In the case of the 4th Elbe Tunnel Tube in Hamburg and the Katzenberg Tunnel segmental linings were used for the first time in Germany with elastomer compression seals even given water pressures in excess of 5  bar. For the 4th Elbe Tunnel Tube an additional sealing frame was attached to the inner side of the segment (2nd sealing level). Thanks to 4 additional lateral bars per segment longitudinal leaks between the 2 waterproofing levels were prevented.
For the Duisburg urban railway, part-section 7/8A a test stretch comprising 10 segmental rings with an anchored sealing strip made by the Phoenix AG was first tried out in 1998. Although this method using the anchored sealing strips was successful [6], no further seals with anchored sealing strips have been recorded in Germany since then. Table 4 shows selected examples for the application of sealing strips in Germany.
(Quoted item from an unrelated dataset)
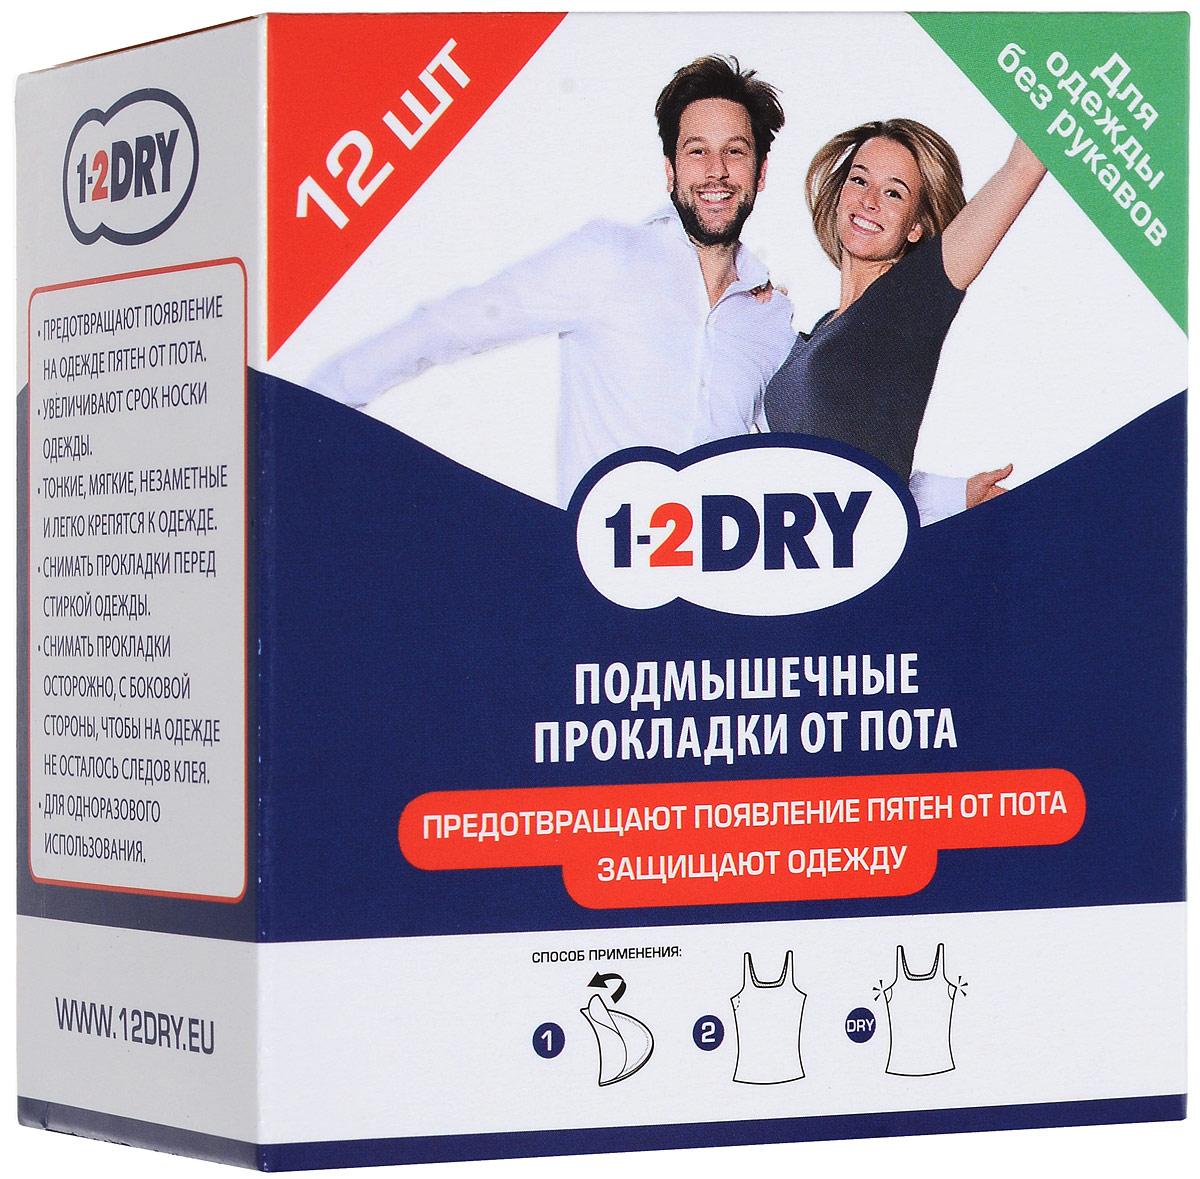 Прокладки для подмышек от пота 1-2 DRY №12 для одежды без рукавовУТ000001168Прокладки для подмышек от пота 1-2 DRY №12 для одежды без рукавов

Current pointers relating to the stage reached by joint sealing as well as for testing the sealing strips are contained in the recommendations by the STUVA [7, 8]. The STUVA recommendations have in the interim been included in the ZTV-ING, which are binding for engineering structures under the jurisdiction of the Federal Transport Ministry. Fig. 3 shows the assembly of the elastomer sealing strips to cater for watertightness in the segment joints.

Concluding Remarks
During construction spectacular shield driving installations tend to catch much of the attention; however, this changes once tunnels are completed for only the tunnel linings really leave a permanent impression.
With the Finne railway tunnel (internal diameter 9.60  m) and the Underground U4 link Hafen-city in Hamburg (internal diameter 5.60  m) tunnelling operations for a further 19.2  km of tunnel with single-shell segmental lining began in Germany. With the Wehrhahn Line Düsseldorf, section 1 (internal diameter 8.30  m) and the XFEL x-ray laser tunnel Ham-burg, sections 1 + 2 (internal diameter 4.60  m and 5.40  m) a further 8  km of tunnel have already been commissioned. The start of the tunnelling operations is in each case scheduled for 2010.